Good Friday is officially a holiday for the Wall Street and the U.S. stock exchanges. Except for three occasions (per Bloomberg 1898, 1906 and 1907), the New York Stock Exchange – the largest and one of the oldest exchanges of the world – has always closed on this day.
It is interesting to note that the Friday preceding Easter weekend is the only non-federal holiday on which NYSE remains closed. Although 2015 is not going to be an exception, the Labor Department’s decision to release its all-important monthly employment report will keep investors on the lookout for a better opportunity to enter the market in the next trading session.
Healthcare presents significant growth opportunity for investors. Per Factset data quoted by MarketWatch, year-to-date return for the Healthcare sector stands at 6.2% followed by consumer discretionary at 4%. It is worth noting that Healthcare was the second strongest sector in 2014 (23% return) and only lagged Utilities (24% return) by a slim margin.
Among healthcare sub-sectors, managed healthcare, biotechnology, healthcare services and medical devices are expected to perform well in the near term. We favor medical devices (equipment and instruments) companies owing to their growing importance in maintaining standard of healthcare in a cost-effective way.
The growing demand for minimally invasive technologies, in-vitro diagnostic (“IVD”) products, discrete and multiplexed assays, molecular diagnostics tools among others are key growth catalysts in our view. An aging demography is expected to boost demand for orthopedic and cardiovascular implants as well as intervertabral spacers, orthobiologics, cardiac pacemakers and many more.
Here we present 4 top-ranked stocks that sport favorable characteristics to outperform:
Inogen (INGN - Free Report)
This Goleta, CA-based company offers innovative respiratory products for use in the homecare setting. Inogen’s unique direct-to-customer (DTC) business model, innovative product portfolio, growing patient base, increasing international sales and expansions are expected to boost top-line growth.
Zacks Rank #1 (Strong Buy)
Long-term EPS growth: 21%
Estimate Revision (F1): 4.8%
Edwards Lifesciences Corp (EW - Free Report)

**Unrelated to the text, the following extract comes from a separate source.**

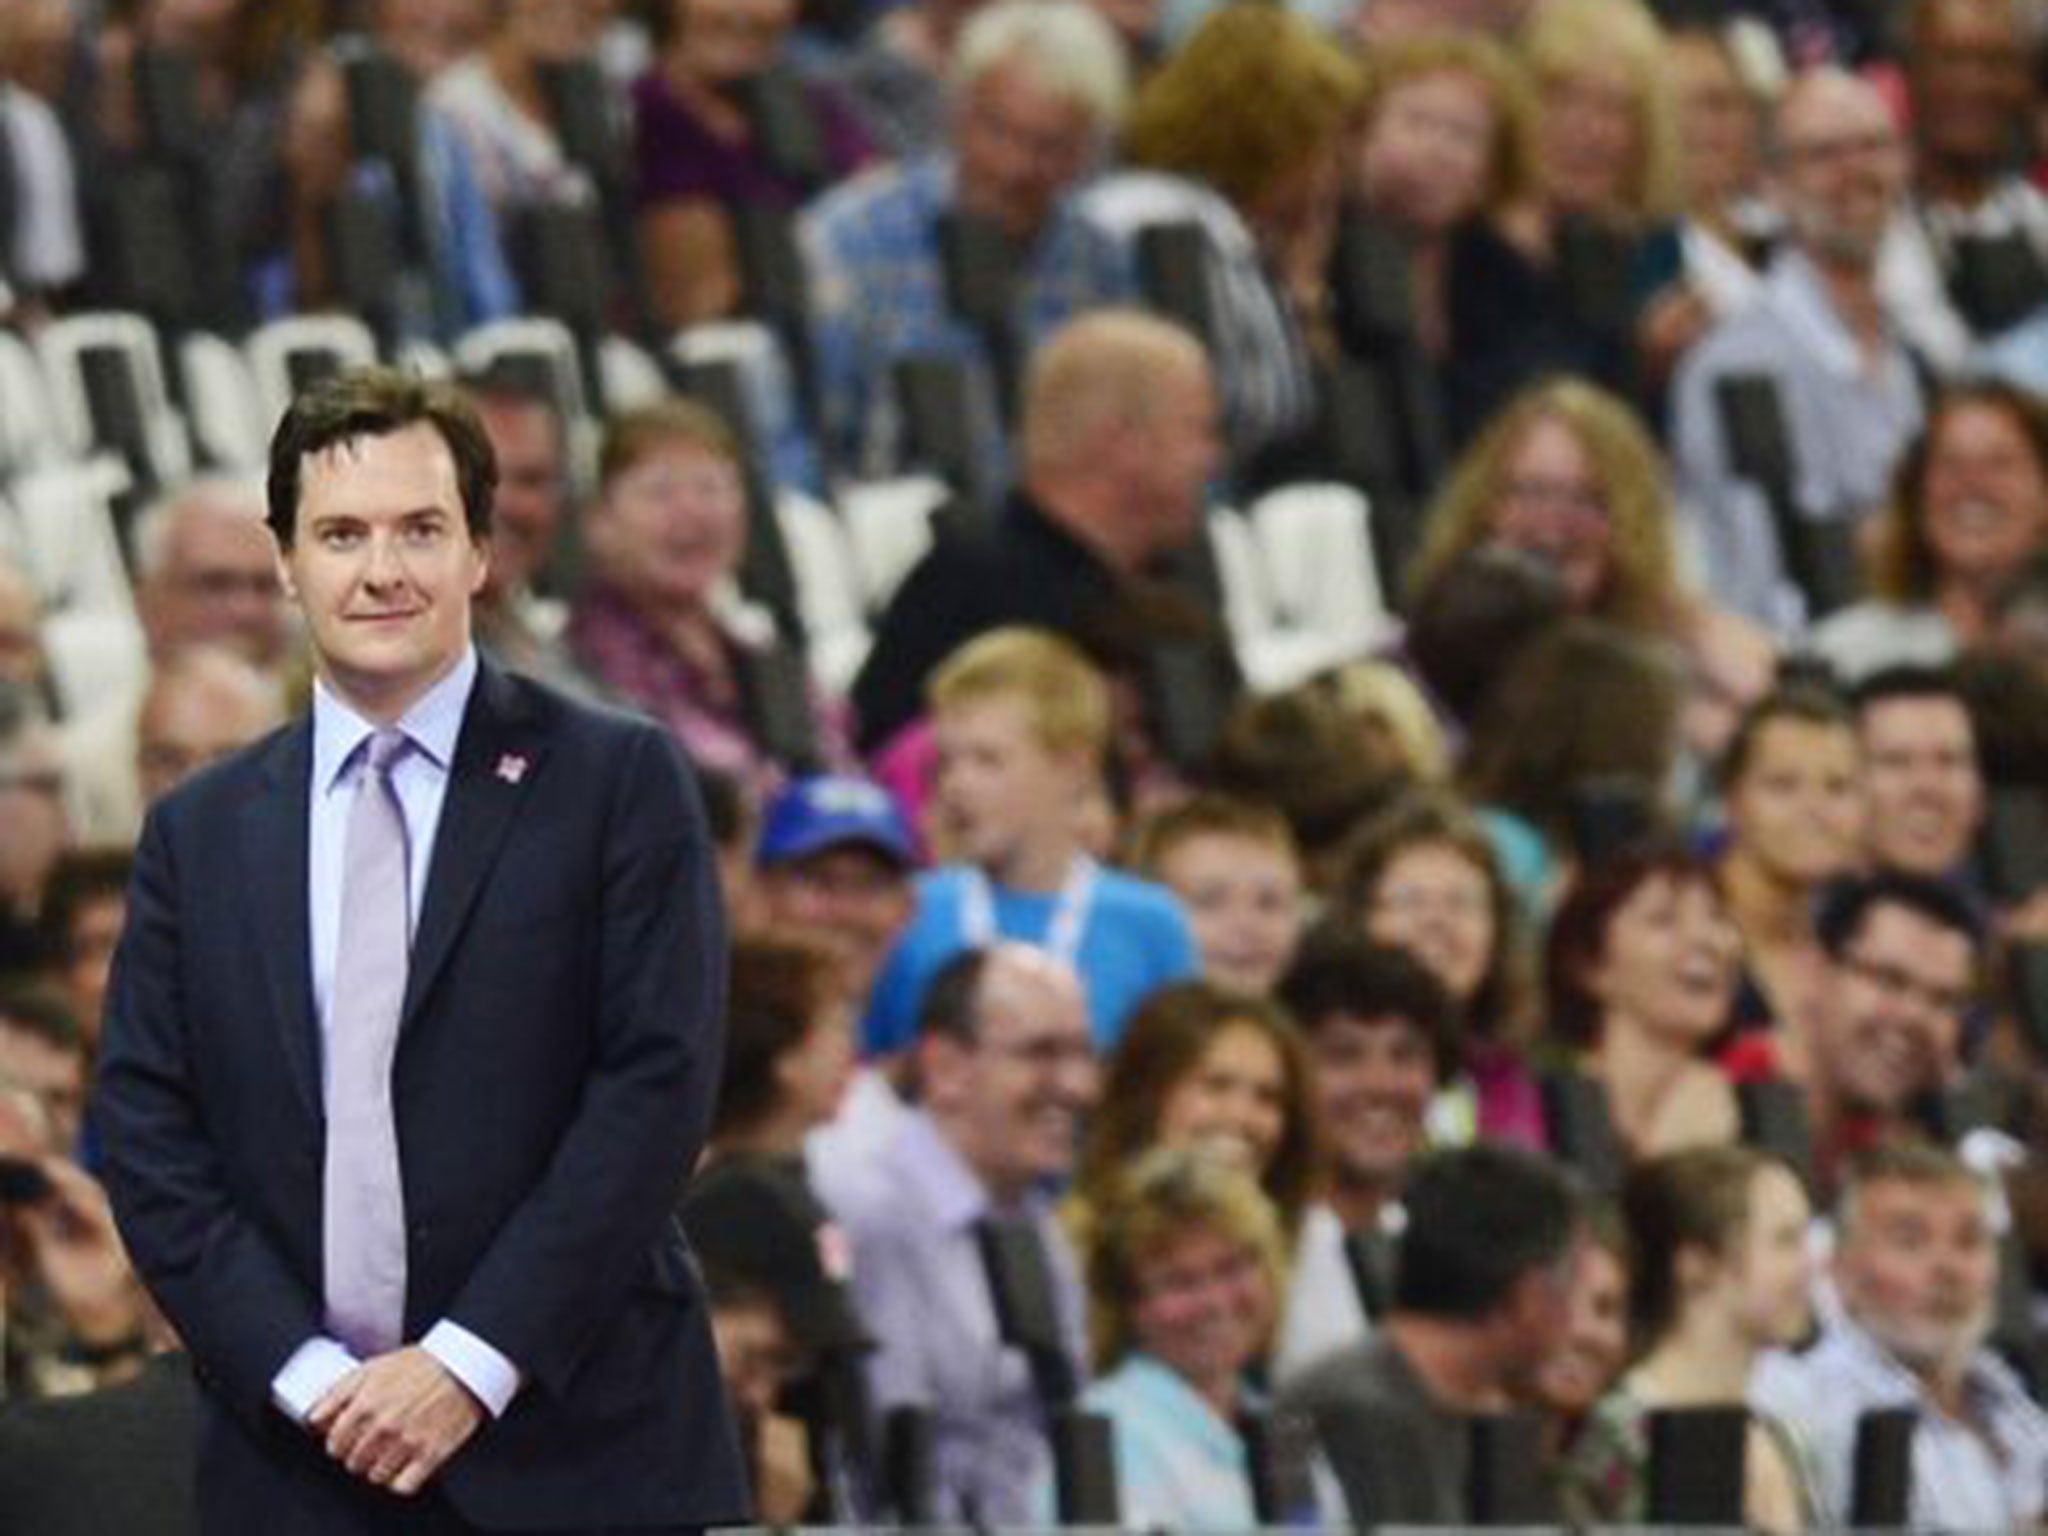 The Chancellor has bounced back from his annus horribilis after getting booed at the Paralympics two years ago

This Irvine, CA-based company is a leading player in the field of heart valve therapy. With an increase in aging population, the number of people with cardiovascular disease is likely to grow manifold. Edwards Lifesciences is currently well placed and should be poised even better in the future to serve this market with its leading minimally invasive technologies.
Zacks Rank #2 (Buy)
Long-term EPS growth: 15.1%
Estimate Revision (F1): 4.5%
Luminex Corp. (LMNX - Free Report)
This Austin, TX-based company’s open-architecture multiplexing xMAP (Multi-Analyte Profiling) technology is sold worldwide. 2015 will be a key transitional year for Luminex as it prepares for the launch of ARIES as well as its new multiplexing Assay NxTAG RPP (Respiratory Pathogen Panel). While ARIES is positioned to target the low-plex testing market, NxTAG RPP eyes the moderate to high volume labs in the multiplex market.
Zacks Rank #2 (Buy)
Long-term EPS growth: 18.8%
Estimate Revision (F1): 4.1%
RTI Surgical (RTIX - Free Report)
This Alachua, FL-based company offers orthopedic and other surgical implants that repair and promote the natural healing of human bone and other human tissues. The company’s expanding product portfolio that comprises sports medicine, spine, orthofixation, and BGS & general orthopedic market is a key growth driver.
Zacks Rank: #2 (Buy)
Long-term EPS growth: 15%
Estimate Revision (F1): 17.6%
Despite reimbursement-related concerns, 2015 is forecasted to be a transition year for the medical devices sector. Healthcare providers are expected to spend more on the backdrop of an improving U.S. economy, which will eventually drive top-line growth. Additionally, the ongoing legislation to repeal a much debated 2.3% federal excise tax under Obamacare is good news for these companies, as it will boost earnings significantly.